Students react to Ellen scandal


Ellis McGinlenyCopy Editor

In a pair of July 2020 Buzzfeed articles, former staffers stepped forward about a “toxic work culture” on the production of “Ellen,” the self-titled show of comedian, host, and executive producer Ellen DeGeneres. The allegations ranged from sexual harassment complaints to racial insensitivity. Furthermore, the production company opened an investigation and found evidence of misconduct.

To students, though, DeGeneres has been less than relevant.

“The only thing I really know about her is lately, the accusations of her anger management problems,” said sculpture major Izina McBride, a senior.

Communication major Leo Palumberi, a junior, said “I don’t know a lot about her. I know she doesn’t treat her workers well and that’s about it.”

And, what students do know isn’t exactly positive.

Theatre major Samhain Perez, a freshman, said “I don’t like that she said a lot of insensitive and awful jokes and turned the anger towards the people she publicly embarrassed instead of taking responsibility. The point I found [her behavior] to be inexcusable was outing Mariah Carey as pregnant before she was ready to announce it to the world.”

This is not the first time DeGeneres has come under scrutiny. Allegations about her behavior have persisted for years. In 2016, comedian Kathy Griffin said she “has a mean streak that all of Hollywood knows about” in her book “Celebrity Run-ins: From A-Z,” according to the Huffington Post.
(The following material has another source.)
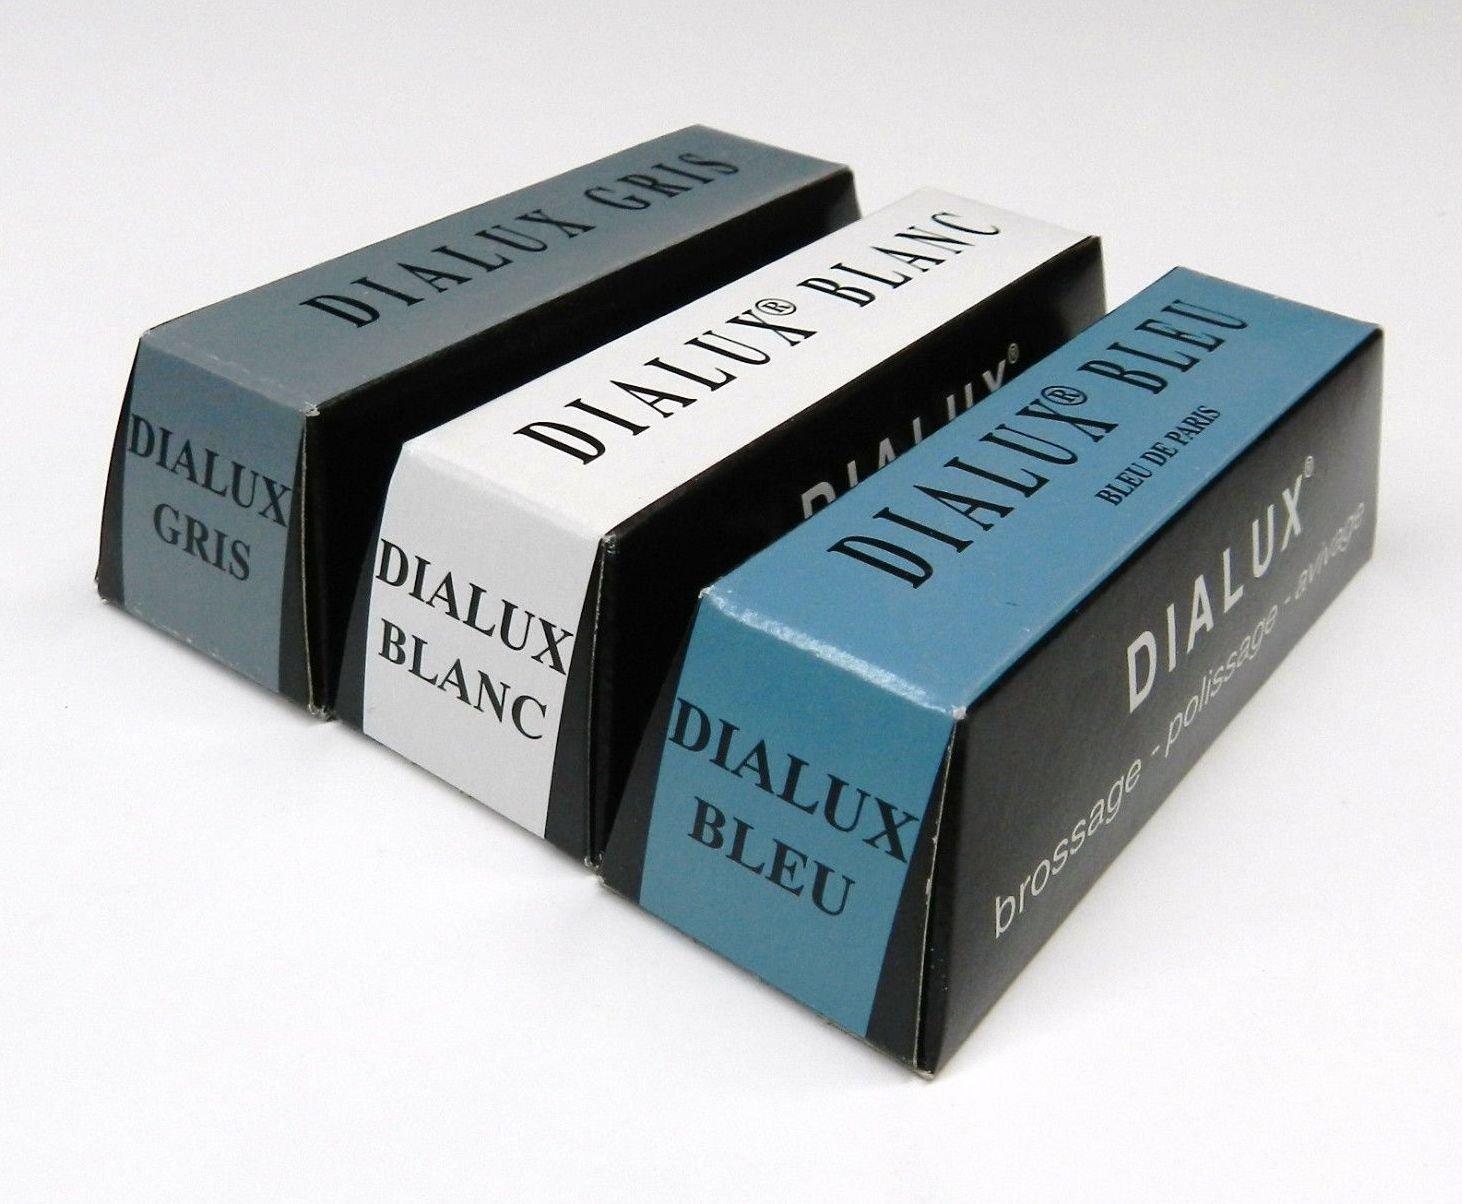 Dialux Metal Polishing Compound Grey, White and Blue 4oz 1/4b

Kevin T. Porter, a comedian and writer, tweeted asking for stories about DeGeneres and received over 2,000 replies with differentanecdotes from behind-the-scenes, like a Personal Assistant to return his Christmas present from the producers after he found a new job.

Another reply from an artist claimed that she sent a portrait of Oprah she created and, although it was featured on the show, she never received credit.

Some other segments of “Ellen” have also been criticized for mean-spiritedness towards guests, particularly after asking about singer Taylor Swift’s dating history, imitating actress Sofia Vegara’s accent and teaching her an “English Word of the Day.”

Vegara has since denied any hostility.

This is also the first time that DeGeneres has made such a public apology, which aired on the Sept. 21 episode of “Ellen.” There she claimed responsibility for what happened on the show’s production and apologized for mistreatment that “never should have happened.”

As for allegations of her behavior off-screen, DeGeneres said she isn’t a good enough actress to “come out here every day for 17 years and fool you.”

Philosophy major Romeo Rivera, a sophomore, said “I saw her apology and I think it was really insensitive how she kind of turned herself into a victim and made jokes about it,” referencing some of the humor DeGeneres attempted to put into her apology monologue.

DeGeneres was accused of having the crew hold her chewed gum and not allowing them to make eye contact.

Jokes from her monologue included “I’m excited to see all of my staff and my crew; please don’t look me in the eye” and DeGeneres saying she would be “passing gum out for everyone.”

“I’m really disappointed. She was one of the first people, first real celebrities to come out as LGBT I’ve heard accusations of just horrible mistreatment of her employees and just general awful behavior,” said English literature major Madeline Scharf, a sophomore.

“I’ve heard rumors before, but now they’re continually proven.”